# The Perks of Being a Wallflower



## Kittie (Oct 16, 2003)

I have only read passages of this book.  But the passages hooked me.  Unfortunately, the book wasn't mine.  I couldn't continue what I started.  I guess it was the structure of the book that was most intriguing... a series of letters written to "Friend."  Have there been other books published with this sort of structure?  And has anyone read this book?  

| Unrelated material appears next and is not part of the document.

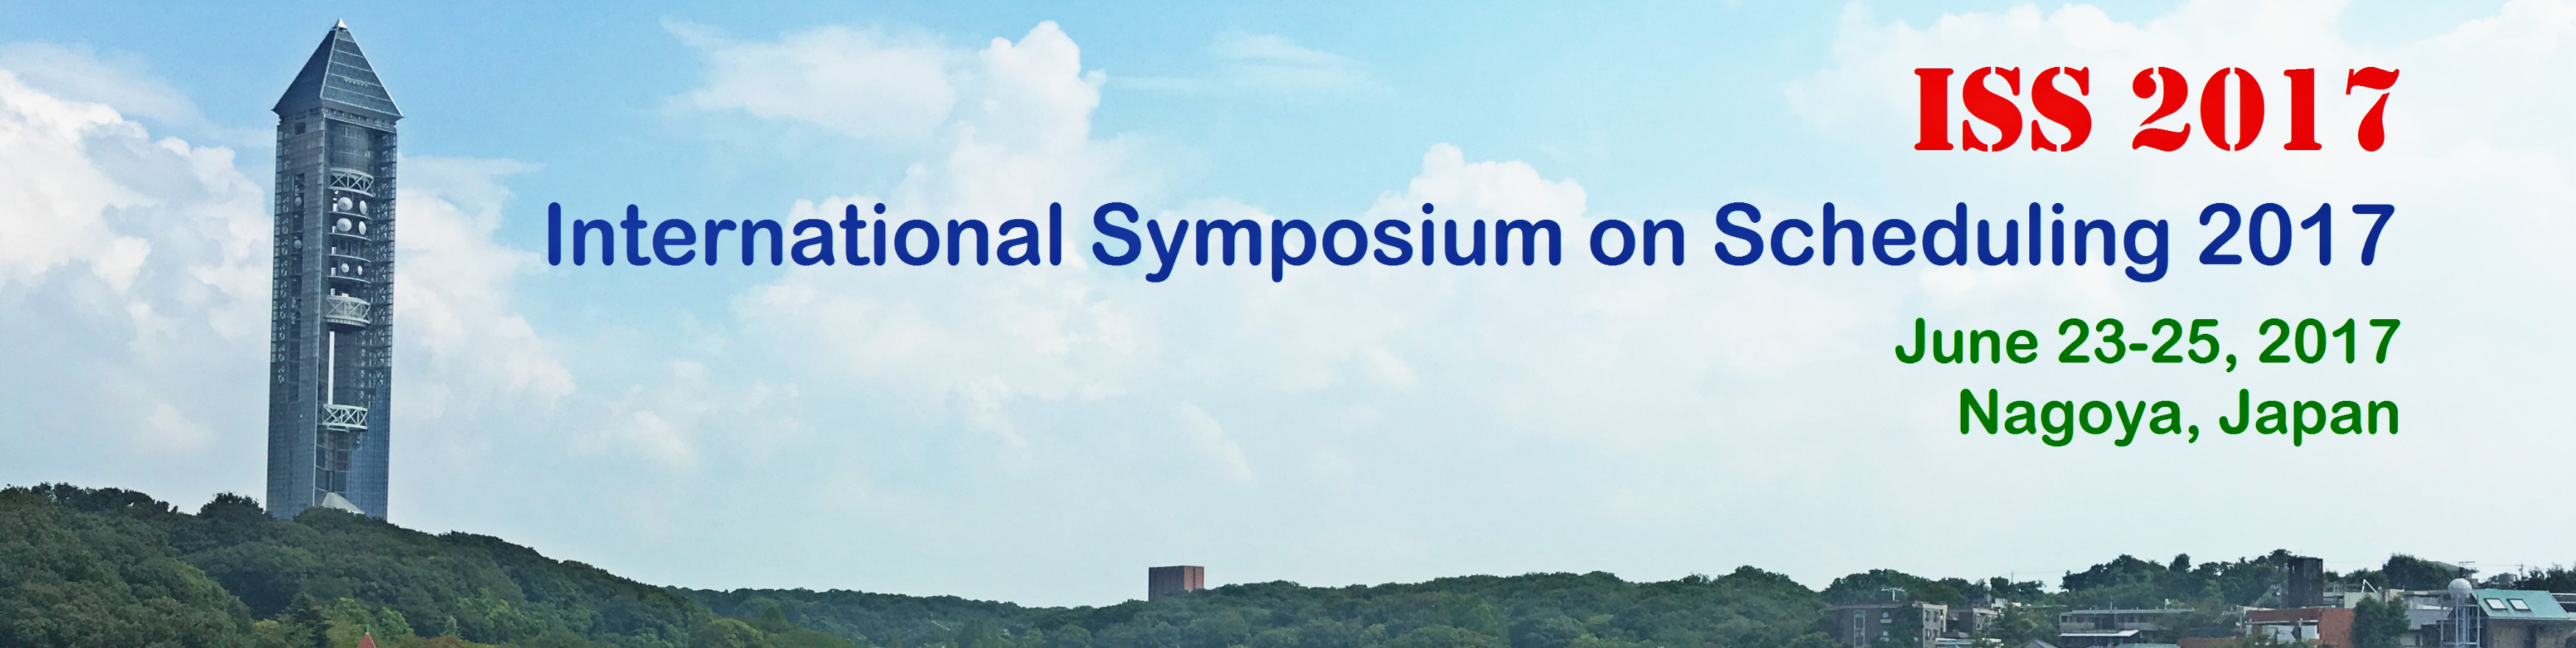 Title: International Symposium on Scheduling 2017

The title was just stuck in my head tonight and I wondered if others lauded or lambasted it!


----------



## Lucky19 (Feb 11, 2004)

Perks Being Wallflower Audio Book
The Perks of Being a Wallflower audio book. Download ... Click Here The Perks
of Being a Wallflower is now available as an audio book. The ... 
www.audio-book.ws/books/perks-being-wallflower.php - 21k - Cached - Similar pages

..thought u might be interested ?..


----------



## WendyMarie (Feb 11, 2004)

I read that book, and I really enjoyed it you, you should definately take time to read the whole thing, I think you would enjoy it.


----------



## overheadalbatross (Apr 21, 2004)

If you like "Perks," you should try "Go Ask Alice." It's the diary of an anonymous girl whose life begins going downhill, she turns to drugs, runs from home, etc. One of my favorite books of all time.


----------